Our ministry here is with Celebrate Jesus ministries – working and speaking in the church on Sundays, and helping out at the school through the week. Goshenland school is a Christian primary school. It’s fairly small, with less than 100 students. The students, though, are so precious, and we have fallen in love with them.

Our average weekday is 8-9 hours. In the morning we are doing physical labour, usually making bricks to lay over the dirt floor in the classrooms, or landscaping. In the afternoon we join the PE class. This is a school wide class (although by this time of day, many students have gone home to work, so we are down to between 30-50 students). Gym class lasts anywhere between 2-4 hours, and is pretty much running, running, jumping, and more running. Our role is sometimes to lead a game, or introduce a new activity, but usually we are just participants.

Which means I am back in gym class. Complete with the instructor calling you out in front of the entire group if you are not jumping high enough, running fast enough or stretching far enough. If we thought we got a bit of break because we are adults, or because we are guests, or for any other reason…we were wrong. I’m back in high school.

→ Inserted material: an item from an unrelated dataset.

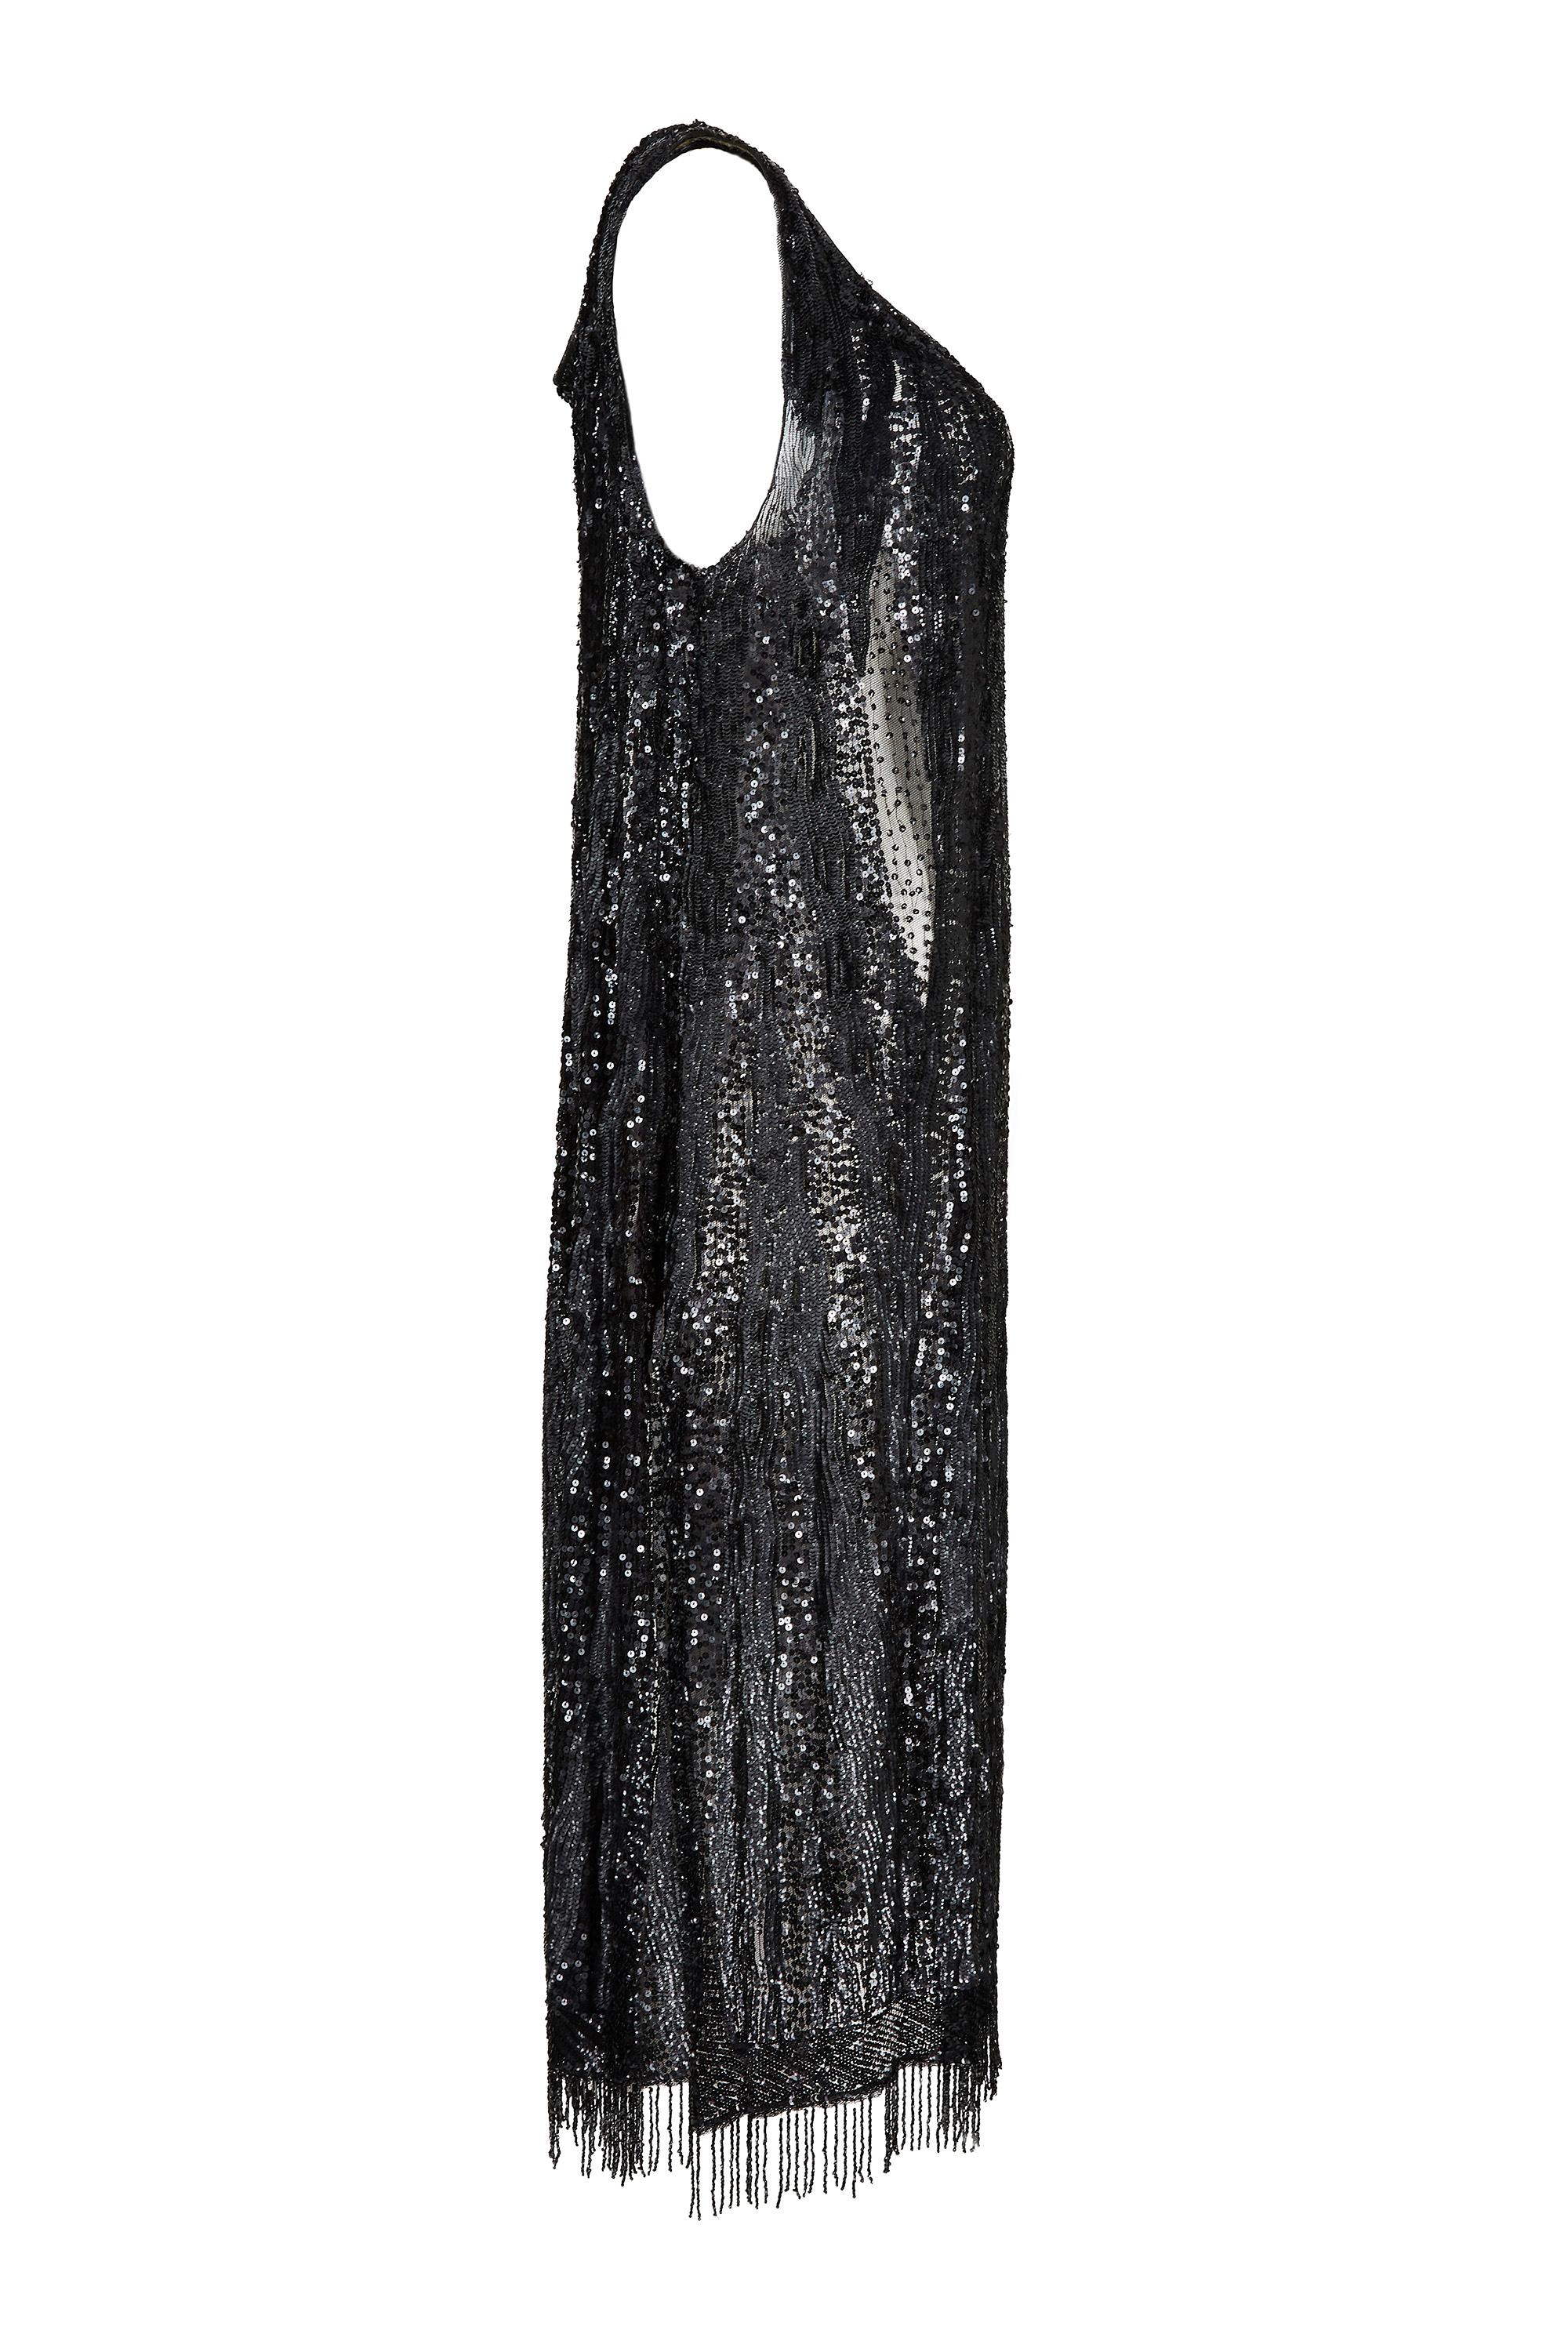 Cette petite robe noire des années 1920 est un modèle haute couture non étiqueté, entièrement pailleté et en excellent état. Taillée dans une silhouette flapper intemporelle, cette exquise robe tabard présente une douce encolure, une longueur

We are thoroughly exhausted by the end of every day. We get home, eat dinner, have team time, and crash. And sometimes I am lying in bed by 9pm, sunburnt, wondering if I have heat stroke, sore, stiff and absolutely exhausted, and I wonder why I do it. We all realize that we’re not supermen. So why do we go every day to do physical labour, to run around, to play with children? I mean, with days like this, nobody would put up a fuss if I took an extra rest day other than our Mondays we have off. So why do I still get up every morning and give it my all?

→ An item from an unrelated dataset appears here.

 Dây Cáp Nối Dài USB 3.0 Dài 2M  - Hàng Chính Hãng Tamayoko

Its not only because I can finally work off some of the ugali, rice and potatoes that we eat on a daily basis here. It is because this is where I find God.

I see Jesus in the eyes of the child taking me by the hand to teach me a new game. I learn about my faithful God when I pray in the morning to find joy in the physical labour, and have an absolute blast packing concrete into moulds. I see God in the details when we meet a British woman at a restaurant during lunch, and three days later she shows up at the school with Gideons Bibles for every student in the school. I see the handiwork of the creator in every bird and tree on the property, and in the beauty and the laughter of the children. I am learning that God gives me enough energy to make it around the circle one last time. And that my loving, caring Father is better than any sports massage for sore muscles.

God has put me in a place of physical labour, playing with children, and gym class. If you had told me last month what was ahead of me, I would have told you that this was the worst possible month for me. But, surprisingly, I am loving this month. I am challenged in so many ways – physically and spiritually, and it is so good.  

Because, once again, when you leave your comfort zone and put yourself in a place where you NEED God, and cannot finish the day ahead without his help, then that is when you grow the most.

I think I am learning more in gym class now than I ever did in high school.